Watching him tune by ear, Aunt Dot, who held her husband in high regard, poked me with her elbow. “He would have been as fine a violinist as Heifetz,” she whispered. I nodded solemnly.

Mother took off her apron and stood in back of the piano, ready to add her low alto voice to the mix. “Ridin’ Down the Canyon” we sang, and “Tumbling Tumbleweeds.” We found sheet music in Aunt Dot’s Cavalcade of the Forties book and sang on. “I found a million-dollar baby,” we harmonized, “in a five and ten-cent store.” We didn’t stop to assign parts or make arrangements; we just went purposefully from song to song, as we had done all our lives. Some songs we sang a capella because they just sounded better that way, just as some food tastes better without a lot of seasoning. We sang “On Moonlight Bay” like that, sliding into “Shine on Harvest Moon,” led by Aunt Dot and Daddy. Uncle Fred sang a rich bass part, and my sister, Jackie, whose soprano voice was fragile as spun glass, sang over the top of the rest of us, skipping along effortlessly.

It isn’t only food that makes a gathering memorable, of course, nor music and entertainment. It is all those things combined with the fellowship such an occasion provides. (You might throw in a little magic if you have it on hand.) That day the food was exquisite, transcended only by the joy of being with family, where everybody knows exactly who and what you are.

As it turned out, that was the last Thanksgiving we were to spend with all of us together. We had other times as a family, but Aunt Dot and Uncle Fred grew older, no longer able to travel, and my father’s death followed theirs in 1990. We tried, but it took a few years before we could face Thanksgiving without them. Now, when we fix Thanksgiving dinner, that breakfast is the gathering all others are compared to. “Lay the sage to that dressing,” my sister will say, laughing, just as Aunt Dot said all those years ago. “Add just a little salt and pepper to the gravy,” she’ll say, or, “more vanilla in the boiled custard,” pausing for a long time, putting her lips together expertly.

Our family learned the love of food and music and fellowship. I can see us now—like still photographs, animated, arms reaching, mouths open, smiles glowing, as if we had been stopped in mid-air, a moment frozen like a fly in amber.
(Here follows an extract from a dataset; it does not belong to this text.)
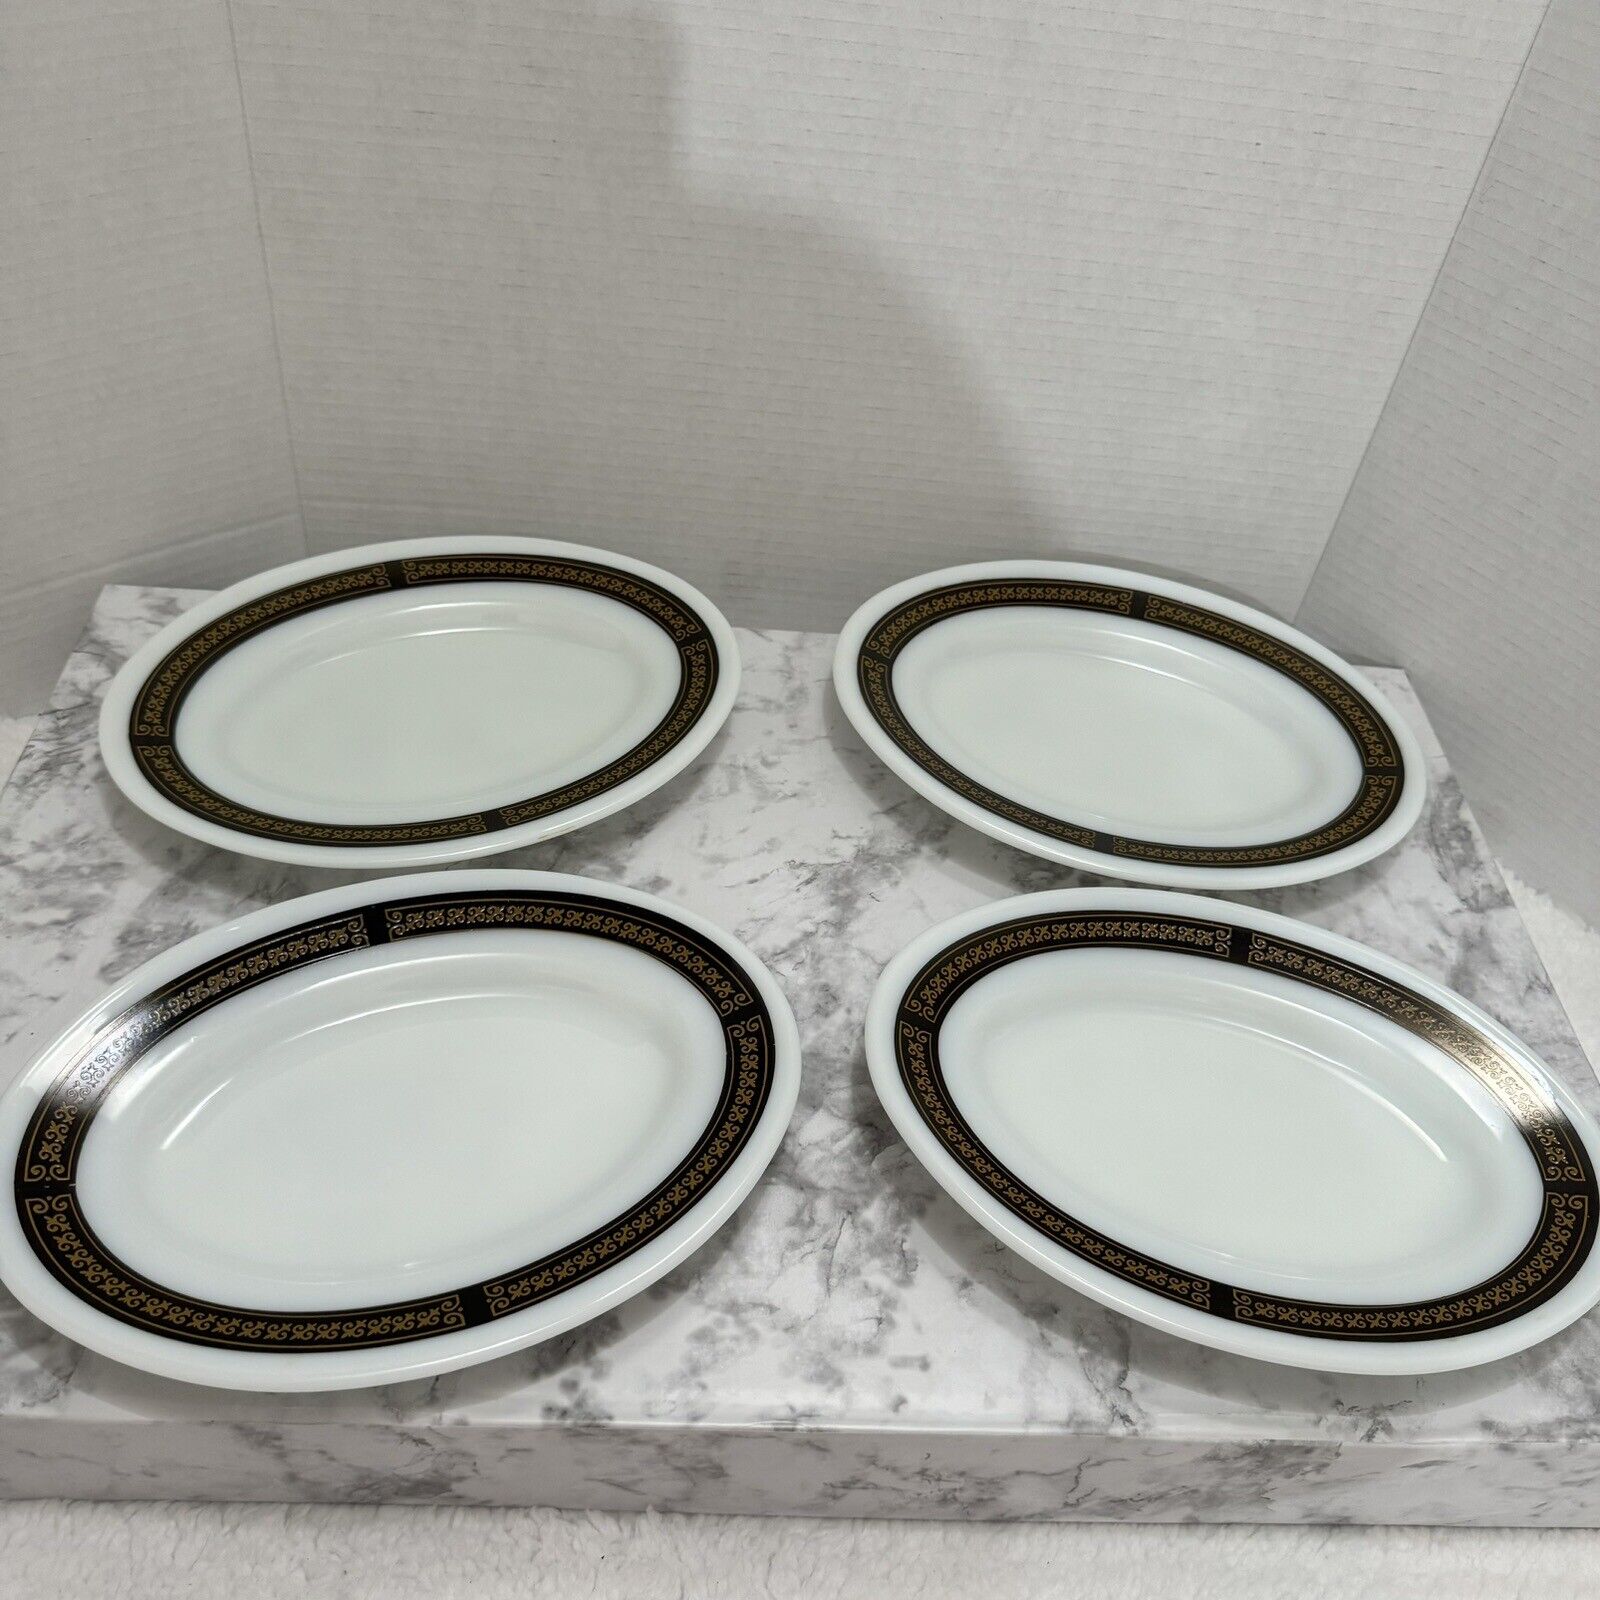 Vtng Pyrex Ebony Fleur De Lis Oval Plates Set Of 4 #794-6 by Corning Made In USA

I see those years like slides: my sister buying canned gravy base at one of those fancy kitchen chain stores and saying, “Don’t tell Mother”; the year the coconut cake—burdened by its own rich weight—finally fell completely apart despite all the toothpicks; the time the dishwasher broke; the holiday when the boys finally got the boiled custard exactly right.

Each year was a milestone to be measured out in memory, to be savored for its time, then to vanish from the present with the click of a camera.